For most people, the new year means a bit of champagne, a reason to celebrate, and resolutions about personal changes.  For Bill and Melinda Gates, the new year brings their annual letter and thoughts about global issues, world progress, and changes for billions of people.  And this new year included a bet: in their annual letter, the Gates' bet that “the lives of people in poor countries will improve faster in the next 15 years than at any other time in history.  And their lives will improve more than anyone else's.”  Gutsy?  You bet.  

Their ambitious goal is comprised of four pillars, one of which is cutting the number of children who die before age 5 in half… again.  Twenty five years ago, one in ten children failed to reach their fifth birthday.  Increased access to vaccines and to commodities like oral rehydration salts, zinc, and antibiotics children cut that rate in half: today, in 2015, about one in 20 children die before their fifth birthday.  And here's where the gutsy prediction starts: the Gates' are betting that by 2030 - just the next 15 years - that rate will be cut in half again, to one in forty. 

Now most people probably ask the simple question - how?  The initial halving of the mortality rates took 25 years.  How can we make the same progress in just 15?  While I won't claim the answer is simple or easy, I will claim that we have the solutions.  Access to vaccines continues to improve with more countries introducing vaccines against rotavirus and pneumococcal to prevent two of the leading infectious killers of children.  Oral rehydration salts, zinc, amoxicillin, and litany of other treatment interventions continue to make their way to health clinics, pharmacists, and when appropriate, to community health workers.  Importantly, improved sanitation is becoming more accessible to even the most poor and rural communities. 

And we can't forget newborns.  The vast majority of improvements in child health will come from reducing newborn deaths. Improved access to newborn commodities, including resuscitation devices and injectable antibiotics, as well as practices such as breastfeeding will continue to drive down the number of children who die within the first 28 days of life.

But here's the caveat: in order to accomplish the remarkable milestone set forth by the Gates', we have to reach the last mile.  We - government leaders, donors, the collective global health community - have to reach the most rural and remote.  We have to make sure the most far-flung health clinic has health commodities available and a trained health provider on staff.  We have the solutions, but we have to make them work.  To me, this is our true test.

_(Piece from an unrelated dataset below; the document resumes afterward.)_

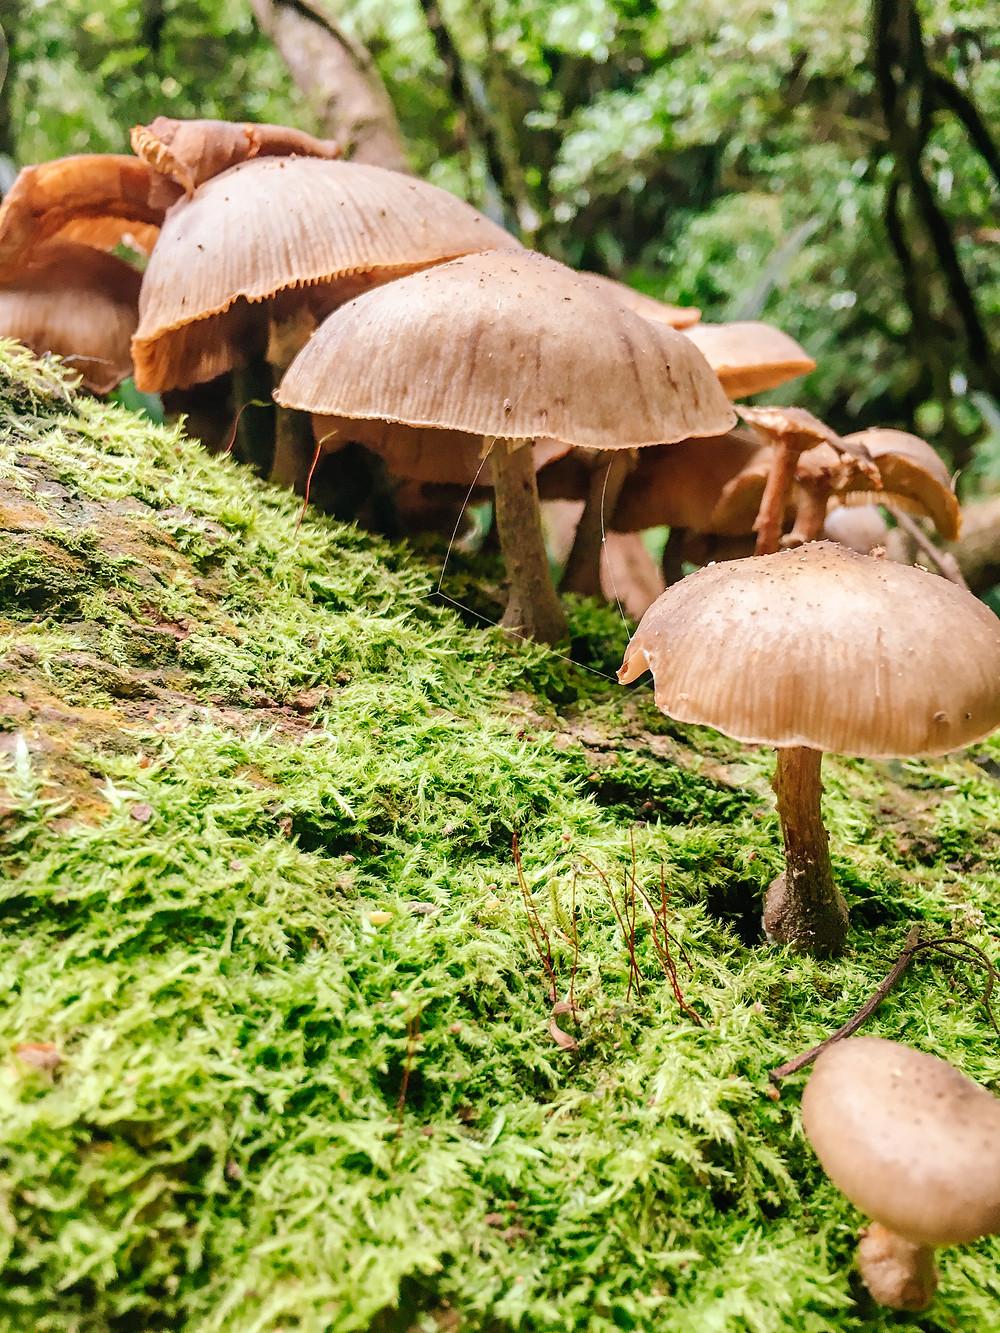 Wild Mushrooms Toolona Creek Falls Hike Lamington National Park

I've often hoped that we're all working ourselves out of a job, collectively doing our individual parts to improve the lives of children.  And now, more than ever, I see that materializing.  Perhaps we won't all be out of jobs in 2030, but if the Gates' bet is right - and something tells me they don't gamble frivolously - we will all begin to see a world where children are thriving.  We certainly have our work cut out for us, but I, for one, can't wait until we hit this jackpot.